2. The method of claim 1, further comprising: collecting context
classes from the base speech database that are present in the
target application, wherein the adapting step uses the collected
context classes and the new context classes.
3. The method of claim 1, further comprising: determining context
classes from the base speech database that are unused in the target
application; and excluding the determined context classes from the
adapted base speech database.
4. The method of claim 1, wherein the context classes derived from
the base text and the new context classes comprise acoustic context
classes.
5. The method of claim 1, wherein the context classes derived from
the base text and the new context classes comprise prosodic context
classes.
6. The method of claim 1, wherein the adapting step automatically
occurs without obtaining new segments of natural speech for the new
text corpus subset.
7. The method of claim 1, wherein the base speech database and the
adapted base speech database utilize decision trees that are
traversed at runtime to generate synthesized speech.
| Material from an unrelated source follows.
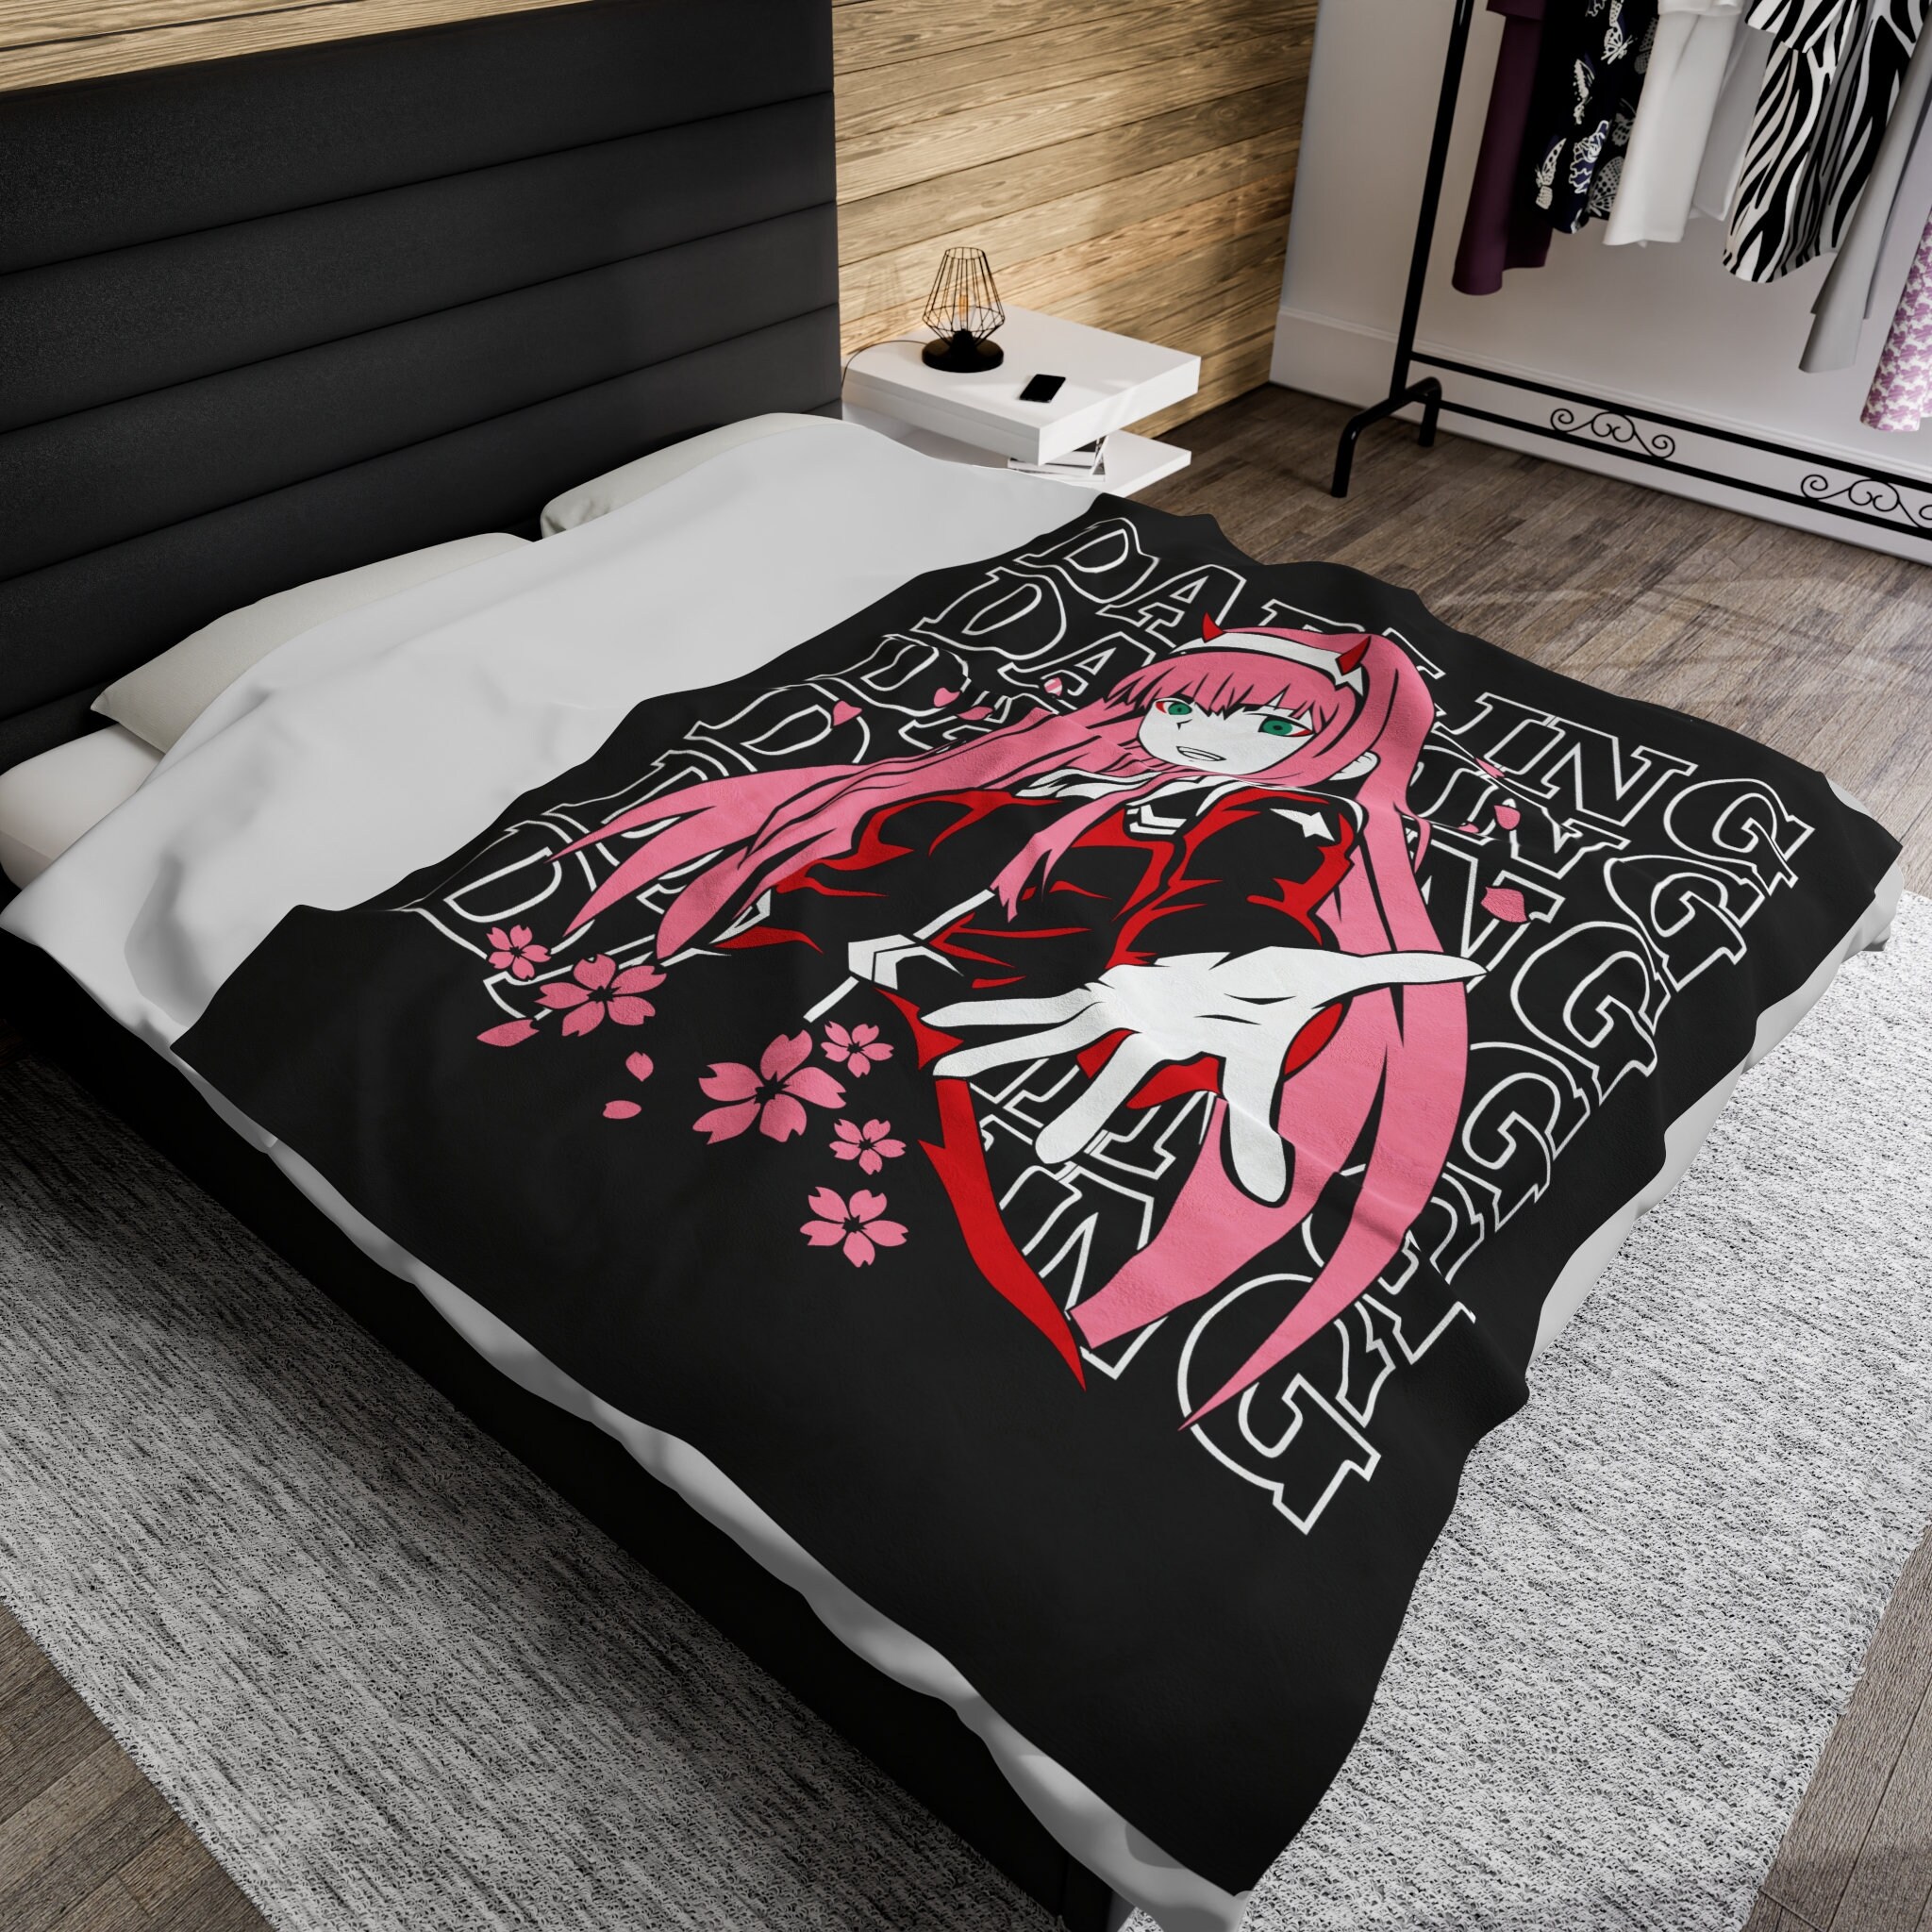  FUNKY STORE Darling in The Franxx Waifu Plush Doll Toy Pillow  Cushion One pcs (Zero Two) 38x40 cm : Toys & Games

8. The method of claim 7, wherein the adapted base speech database
is formed by re-indexing the synthesized units to form a new
decision tree associated with the adapted base speech database that
includes traversal pathways for the new text corpus subset.
9. The method of claim 1, wherein speech segments are organized in
a clustered hierarchy of subsets of speech segments.
10. The method of claim 9, wherein said hierarchy is implemented in
a tree-like data structure.
11. The method of claim 10, wherein the creating step splits and
merges subtrees of the tree-like data structure.
12. The method of claim 10, further comprising: pruning subtrees of
the tree-like data structure during the adapting step to remove
contexts from the base speech database that are unused by the
target application.
13. The method of claim 10, wherein the adapting step creates new
acoustic context tree leafs for the adapted base speech database,
said method further comprising: prioritizing between speech
segments present within the new acoustic context tree leafs using a
weighting function specific to the target application.
14. The method of claim 1, further comprising: establishing a CTTS
update condition; checking for the update condition at runtime of
the CTTS system; and performing the determining, creating, and the
adapting steps responsive to a detection of the update condition,
wherein the performing step occurs automatically without human
intervention.
15. The method of claim 1, further comprising: providing a
plurality of portlets, each producing voice output; and performing
the determining, creating, and adapting steps for each of the
portlets, wherein each of the portlets is the target application
for a corresponding adapted base speech database.
16. The method of claim 1, wherein said steps of claim 1 are
performed by at least one machine in accordance with at least one
computer program having a plurality of code sections that are
executable by the at least one machine.
17. The method of claim 1, further comprising: identifying a
computer usable medium comprising computer readable programs,
wherein the computer readable programs cause a machine to perform
the steps of claim 1.
18. The method of claim 1, wherein the steps of claim 1 are
performed by a synthesis engine of the CTTS system in accordance
with machine readable instructions contained within a computer
readable medium.
19. A method for adapting a concatenative text to speech database
for a new application comprising: identifying a decision tree
including synthesis units of a concatenative text to speech system,
wherein speech is generated at runtime for a first application
based on traversing the identified decision tree, wherein the
synthesis units are dissected units obtained from previously
recorded speech based upon a recording of base text; determining a
target application that includes a new text corpus subset not
completely covered by the identified decision tree; and re-indexing
the decision tree to generate a new decision tree for the target
application that completely covers the new text corpus subset,
wherein the re-indexing is generated automatically using at least
one newly generated context class, and wherein the new decision
tree is generated without human intervention and without requiring
a new recording of speech for the new text corpus subset.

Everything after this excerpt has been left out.